Worth Watching: ‘Clarice’ Premiere, ‘Stand’ Finale, ‘Sheldon’ Goes to College, a Mayoral Avacado Crisis

Clarice - Michael Cudlitz and Rebecca Breeds
Brooke Palmer / CBS
Clarice

A selective critical checklist of notable Thursday TV:

Clarice (10/9c, CBS): A moody thriller revisits young FBI agent Clarice Starling, the heroine of The Silence of the Lambs, with Rebecca Breeds stepping into Jodie Foster’s long shadow. The action picks up a year after the harrowing capture of “Buffalo Bill” in Lambs, when Clarice is recruited into a violent crime task force where she faces skepticism from colleagues as well as her own self-doubt. Hannibal Lecter is much missed, but Clarice proves to be worthy of her own show.

The Stand (streaming on CBS All Access): Stephen King, well known for revising and expanding his best-selling fantasy opus over the years, has contributed an original coda to the sprawling limited series, which reached a natural conclusion a week ago with the destruction of New Vegas‑and, seemingly, “Dark Man” Randall Flagg (Alexander Skarsgård). But as Frannie (Odessa Young) observes in a voice-over, “Truth is, most stories don’t end at all.” So in this final hour, King focuses on Frannie’s story, pointing toward a hopeful and fertile future, carrying The Stand more quietly, though no less ominously, to its open ending.

Young Sheldon (8/7c, CBS): Leading off an all-new night of comedy, Sheldon (Iain Armitage) becomes the Small Man on Campus as he starts his college career, which hits an early speed bump when he clashes with his philosophy teacher (Two and a Half Men‘s Melanie Lynskey). Will things go better for his twin, Missy (Raegan Revord), who’s about to start middle school?

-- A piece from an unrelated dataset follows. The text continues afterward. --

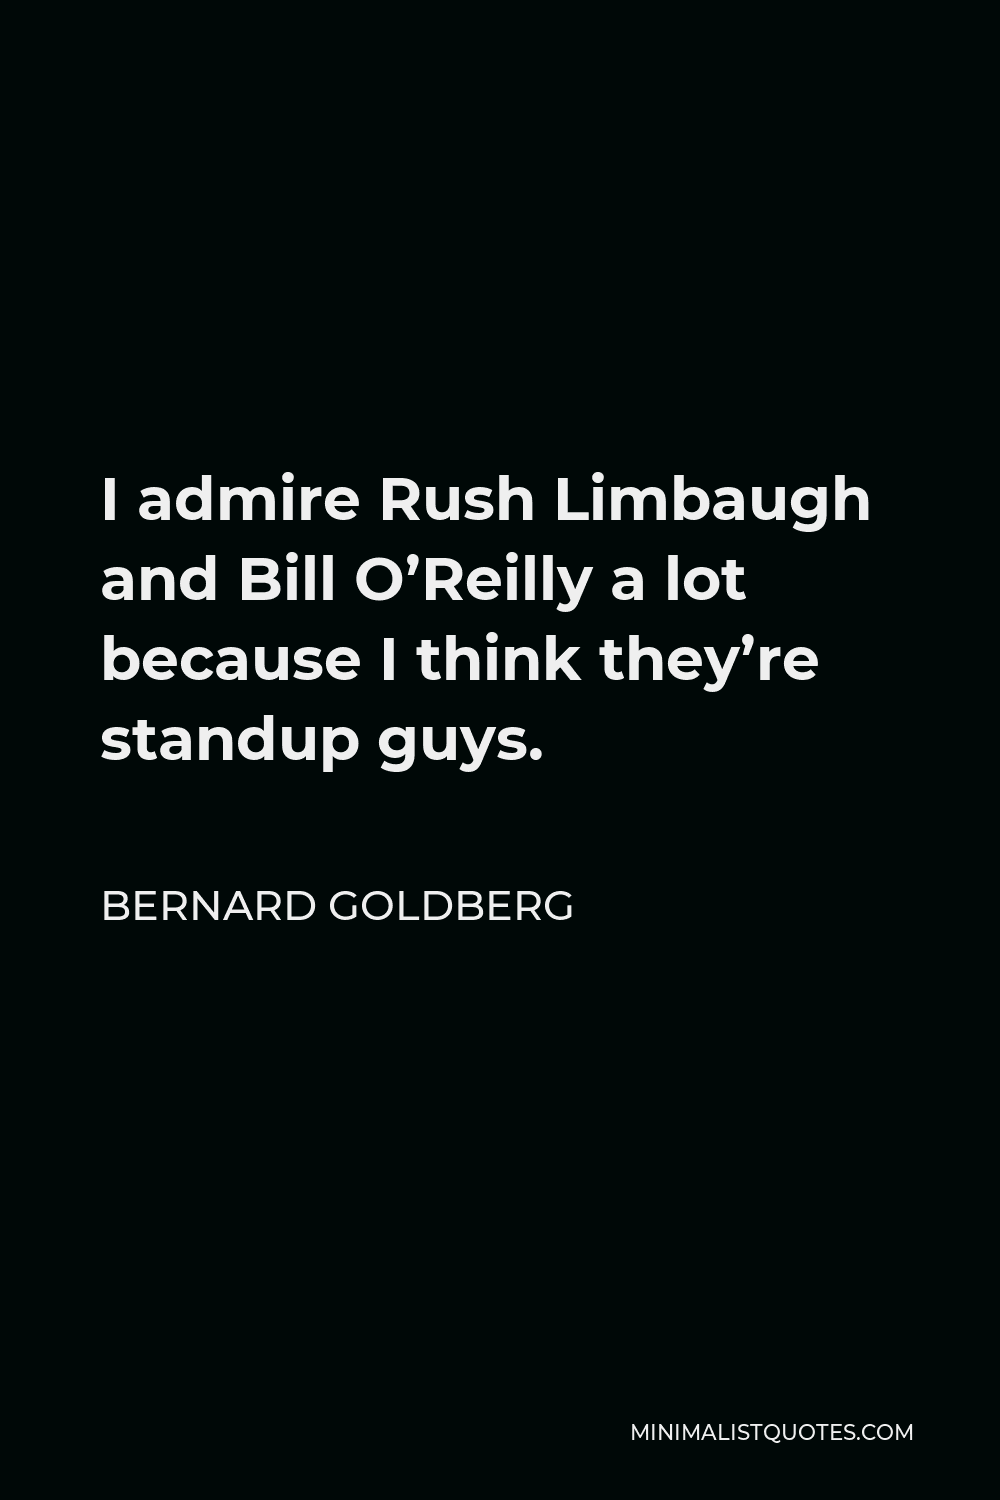 Bernard Goldberg Quote - I admire Rush Limbaugh and Bill O’Reilly a lot because I think they’re standup guys.

Mr. Mayor (8/7c, NBC): Good guac grief! Wacky storylines are this sitcom’s specialty, so expect plenty of over-the-top humor as Mayor Neil’s (Ted Danson) administration copes with an avocado shortage that sets all of Los Angeles into a tailspin. In a subplot, chief of staff Mikaela (Vella Lovell) discovers a cure for her amnesia: deputy mayor Arpi’s (Holly Hunter) deadly dull presentations.

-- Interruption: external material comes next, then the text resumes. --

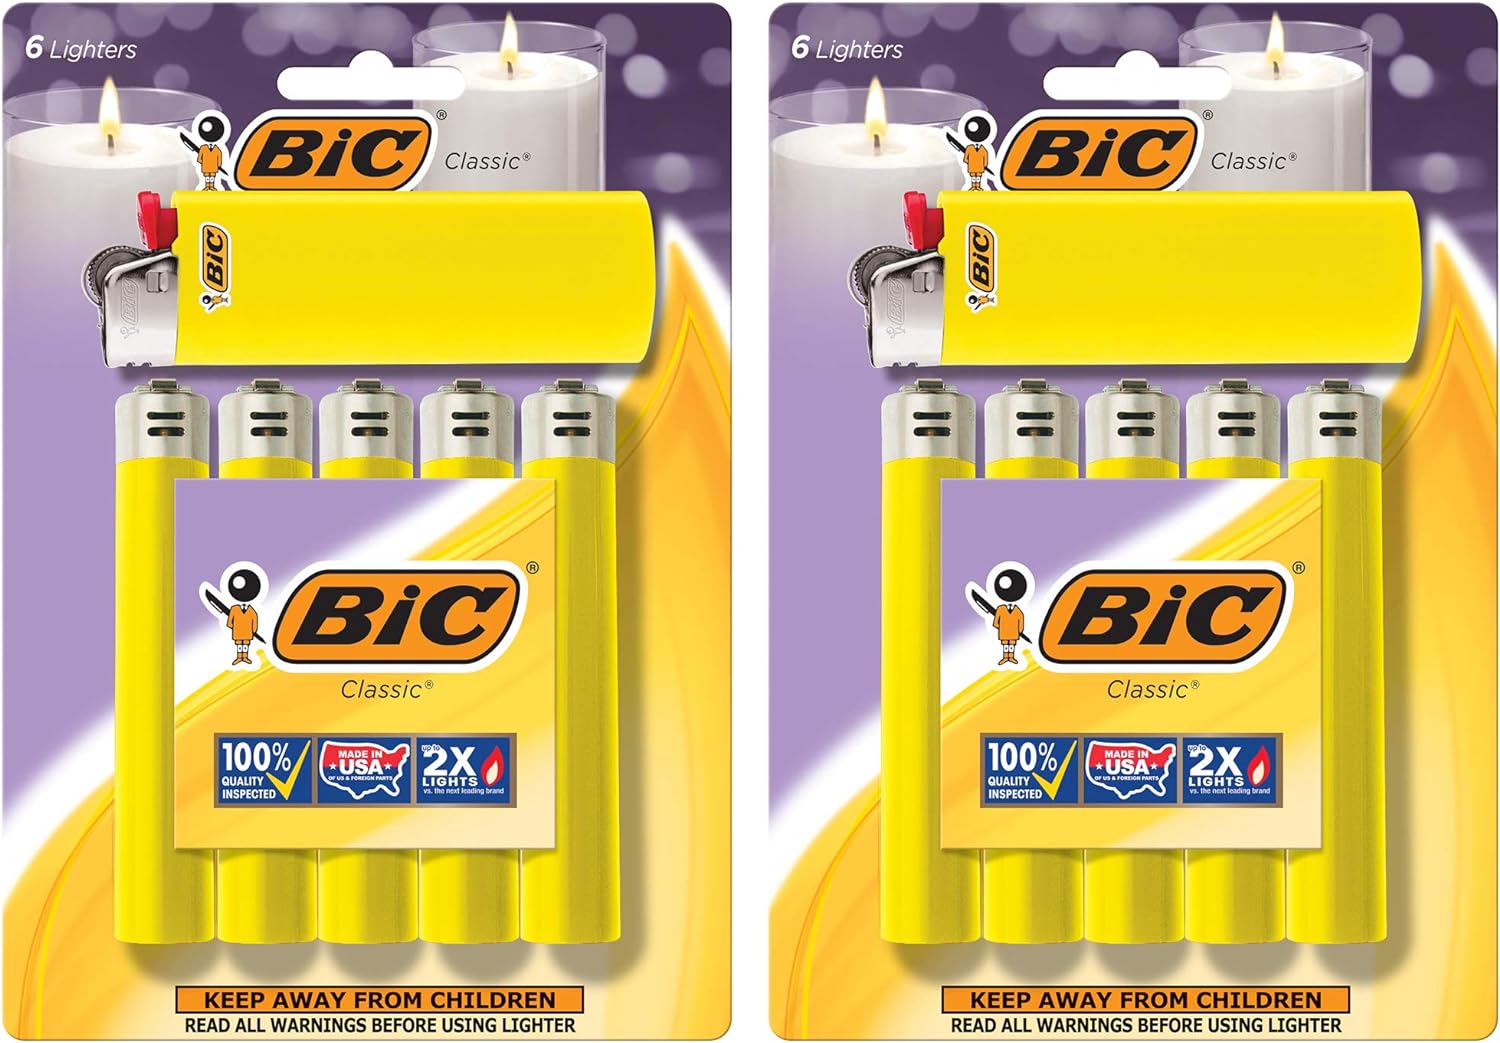 I ordered all yellow as I constantly misplace my lighter. Ive ordered mine from this seller many times over the years and theyve all been packaged and work great! I have problems using my right hand and I find the Bics are the easiest to use and the most dependable lighters out there.

Inside the Stream: New to HBO Max: The Bridge, a six-part competition series based on a Spanish format, in which 12 strangers from the U.S., the U.K. and Ireland work together to build an 850-foot bridge to cross a lake where a £100,000 prize awaits — but only one can claim it; and the documentary There Is No “I” in Threesome, an intimate look at a New Zealand couple who decide to open up their relationship… On Discovery+: They Call Me Dr. Miami, a documentary profiling controversial celebrity plastic surgeon Michael Salzhauer… Topic’s Chris Gethard’s Beautiful/Anonymous adapts his podcast in which the host tweets out a phone number and engages in a half-hour conversation with whoever gets to him first… A pre-Valentine’s Day romance on BET+, Never and Again is produced by hip-hop mogul Percy “Master P” Miller and Romeo Miller, starring Jackie Long and Denise Boutté as former teenage sweethearts thinking about rekindling their relationship.

Inside Thursday TV: While Walker (Jared Padalecki) deals with more family issues on The CW’s Walker (8/7c), his partner Micki (Lindsey Morgan) feels the pressure when Capt. James (Coby Bell) puts her in charge of an investigation… Fox’s Call Me Kat (9/8c) gets personal when Kat (Mayim Bialik) considers freezing her eggs after a visit to the gynecologist… Ken Jennings, nearing the end of his fifth successful week as Jeopardy! guest host, takes the “Chaser” seat on ABC’s The Chase (9/8c)… Comedian Bobby Lee guests on truTV’s Fast Foodies (10:30/9:30c), challenging the chefs to recreate and remix his favorite on-the-run breakfast: McDonald’s Sausage McMuffin with Egg.